## PROVIDED DATA:
• • •

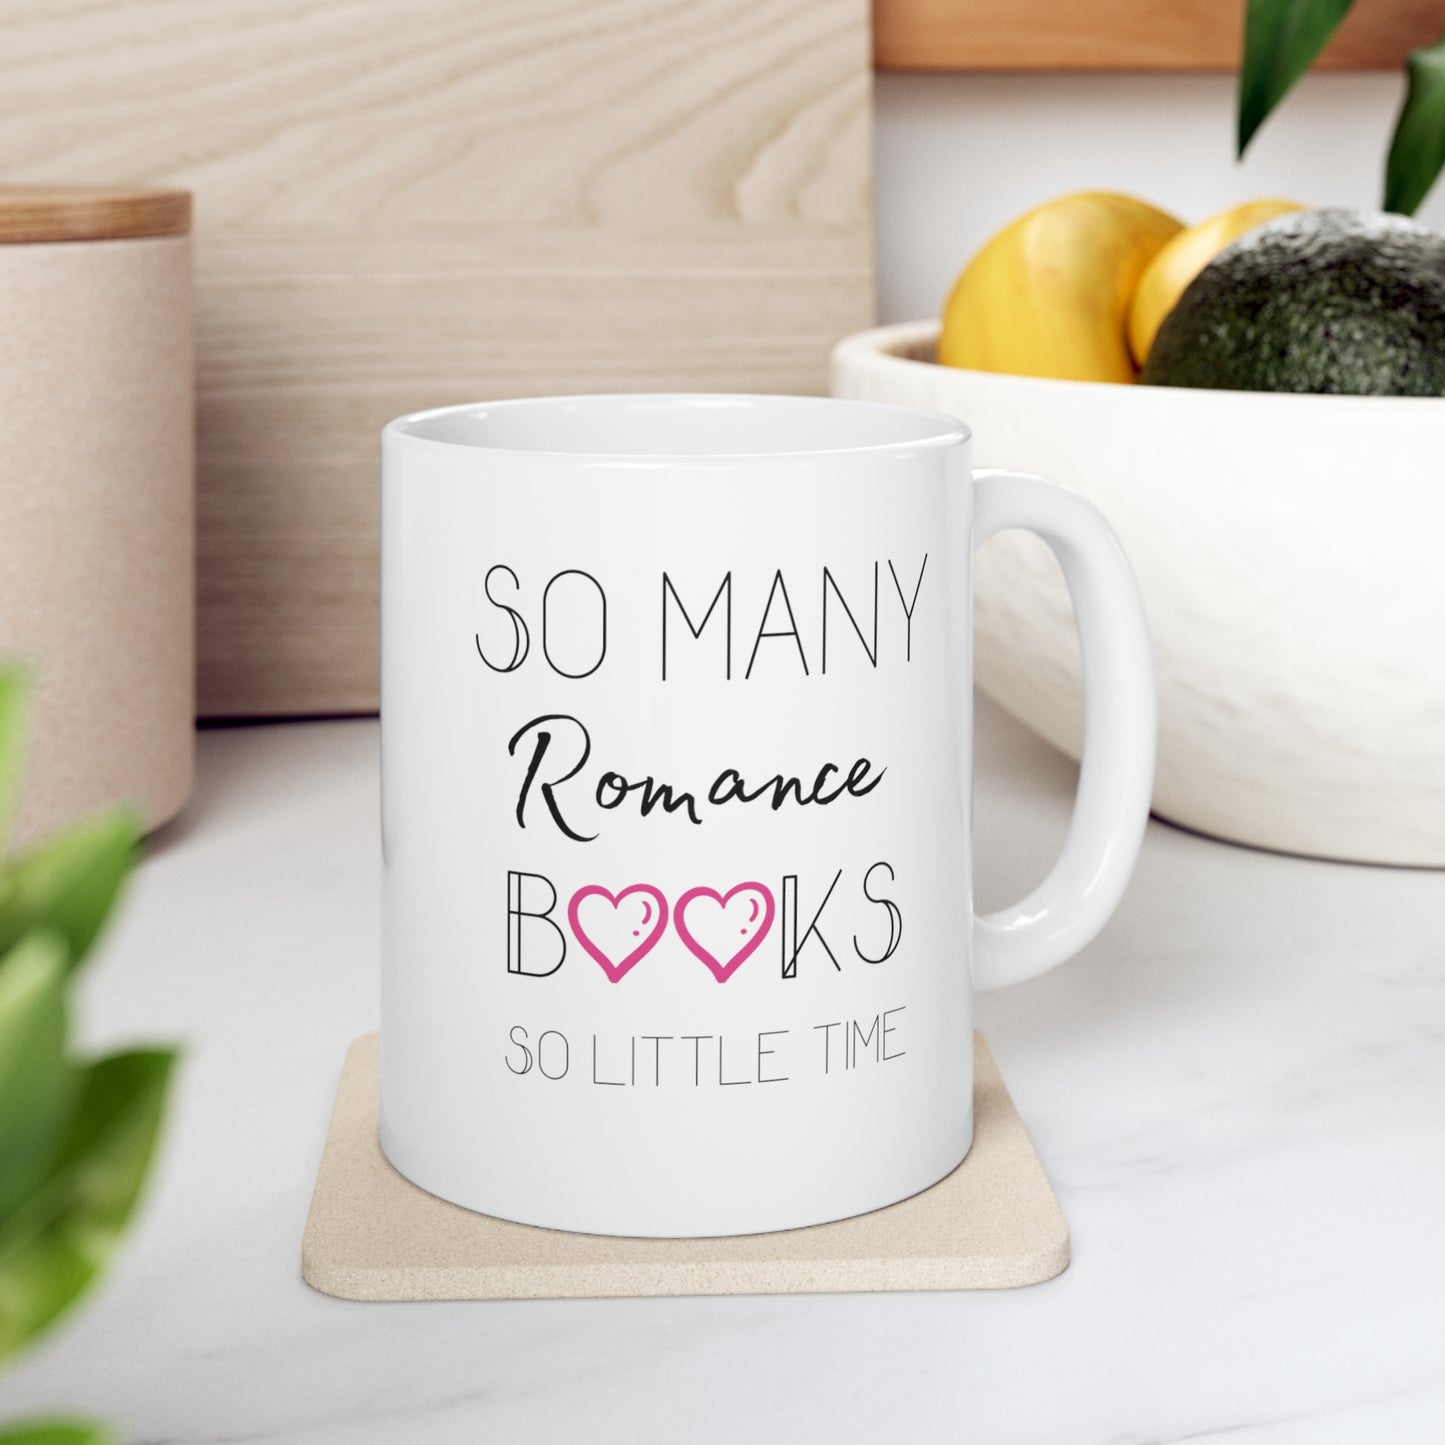 Romance Reader Mug; So Many Romance Books, So Little Time
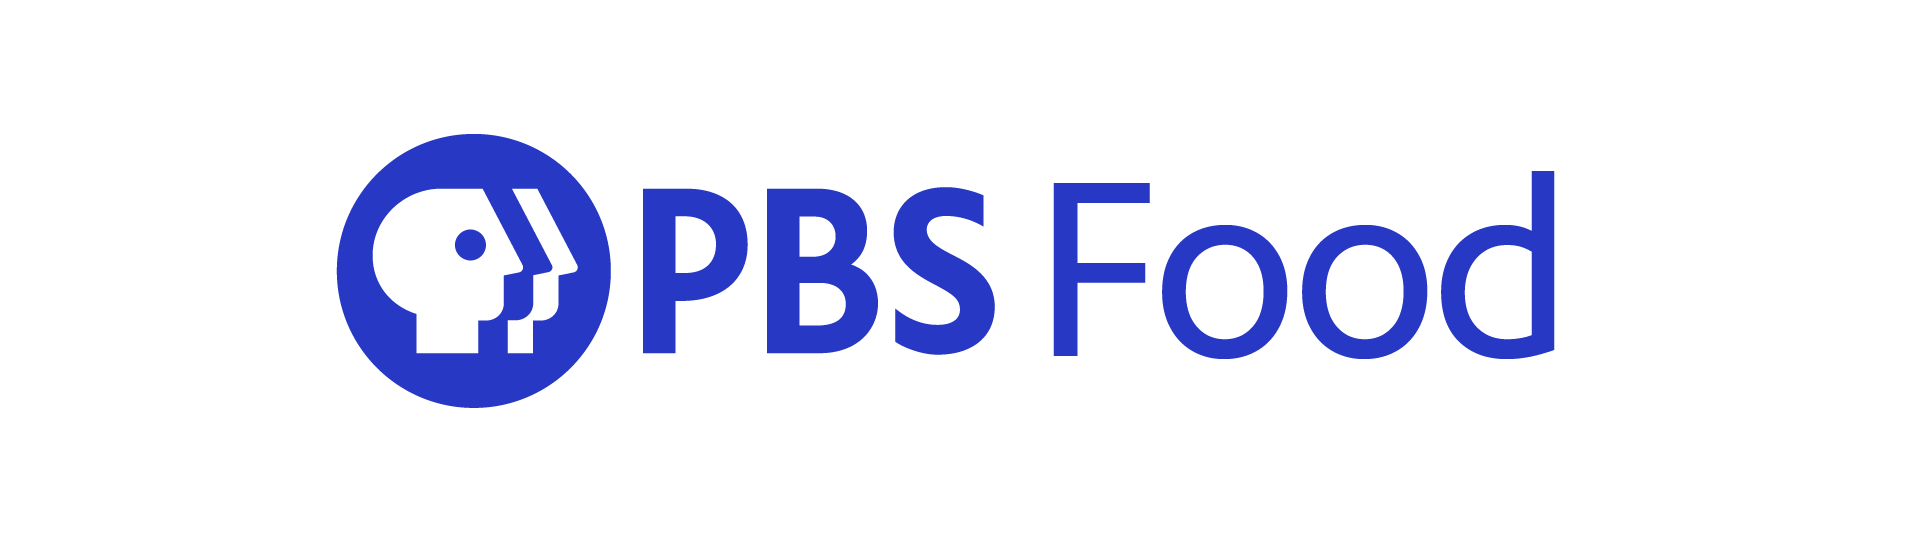 PBS Food logo
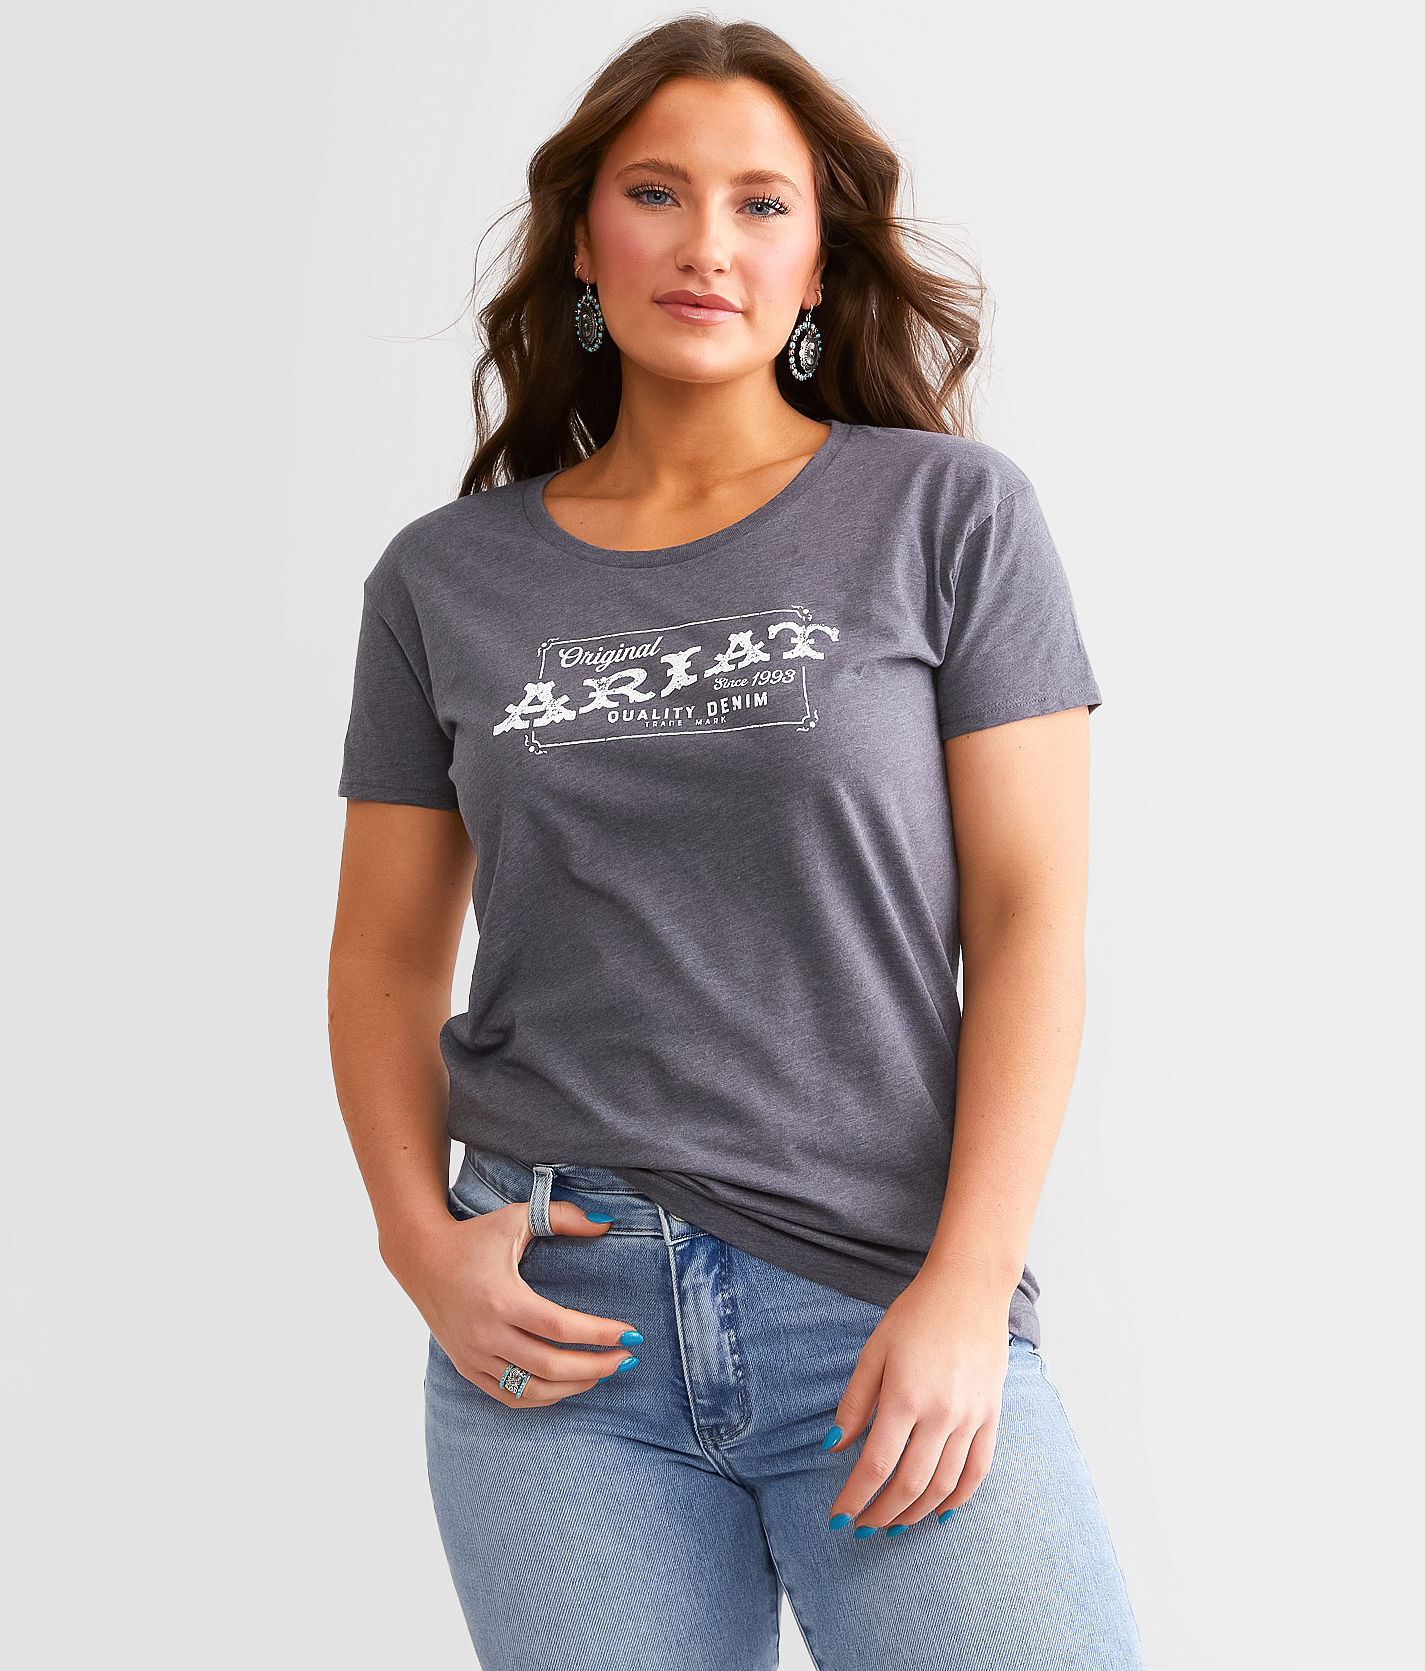 Ariat Denim Label T-Shirt  - Grey - female - Size: Small

• • •

## DIRECTIONS:
From the line with "PBS Food logo" through the end of the listing, write out every line exactly, leaving out the pictures.

## TASK SOLUTION:
 PBS Food logo
 Ariat Denim Label T-Shirt  - Grey - female - Size: Small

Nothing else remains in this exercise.